A novel monoclonal IgG1 antibody specific for Galactose-alpha-1,3-galactose questions alpha-Gal epitope expression by bacteria

Is Zebrafish a Good Model for the Alpha-Gal Syndrome?

The alpha-Gal syndrome (AGS) is an underdiagnosed tick-borne allergy characterized by both immediate and delayed IgE-mediated anaphylactic reactions to the galactose-alpha-1,3-galactose (alpha-Gal) epitope. Common manifestations include gastrointestinal, cutaneous, and respiratory symptoms appearing 2-6 h after the consumption of mammalian meat or derived products. Zebrafish (Danio rerio) are emerging as essential animal models in biomedical studies, due to their anatomical, genetic, and physiological similarities to humans, with significant applications in toxicology, behavioral research, oncology, and inflammation studies. The mechanisms associated with AGS are sustained by studies in the humanized α1,3GalT-KO C57BL/6 mouse (Mus musculus) and zebrafish animal models for the production of anti-alpha-Gal antibodies in response to tick saliva, the development of allergic reactions in animals sensitized with tick protein extracts following mammalian meat consumption, and the identification of immune mechanisms.
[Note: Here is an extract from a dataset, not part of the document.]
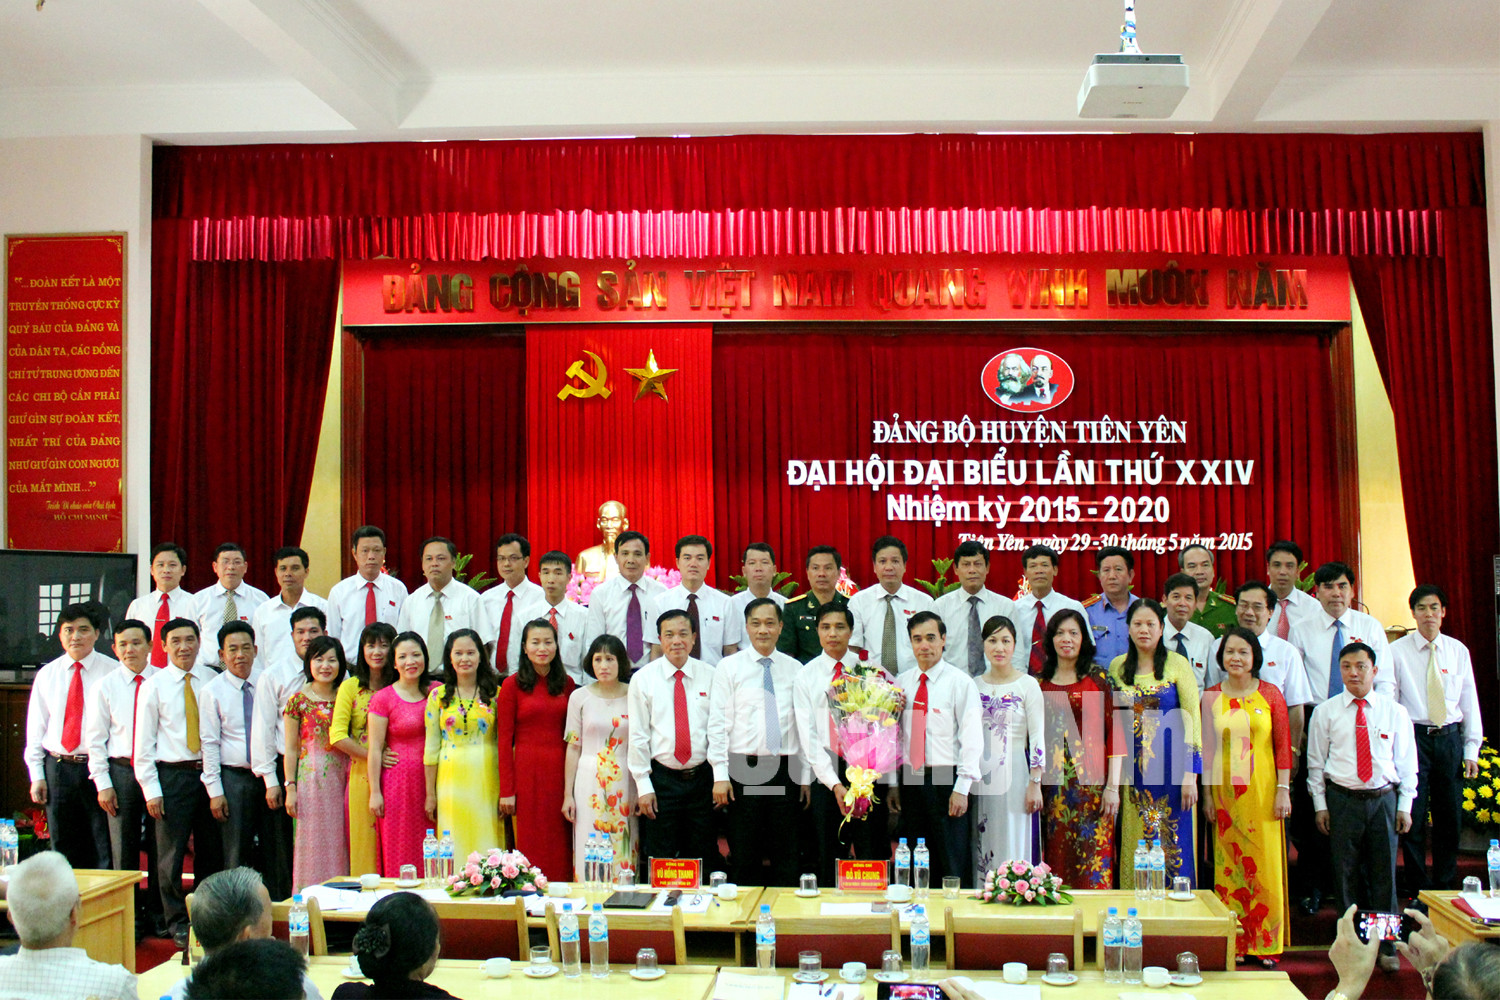 Đồng chí Vũ Hồng Thanh, Phó Bí thư Tỉnh ủy tặng hoa chúc mừng Ban Chấp hành Đảng bộ huyện nhiệm kỳ 2015-2020

The immune mechanisms characterized in both models are associated with a skewed type 2 immune response, triggering Toll-Like receptor (TLR) signaling pathways, IL-4 production, and humoral activity. These results support the use of both models rather than a single one for a more comprehensive characterization of AGS-associated immune mechanisms. In this study, we focused on the use of zebrafish as a model for biomedicine research in immunity, infectious, and allergic diseases, with a particular emphasis on the AGS and the identification of candidate therapeutic interventions. Based on insights from multiple studies, we concluded that zebrafish is a suitable model for studying the AGS, considering the addressed limitations and in combination with the α1,3GalT-KO mouse model.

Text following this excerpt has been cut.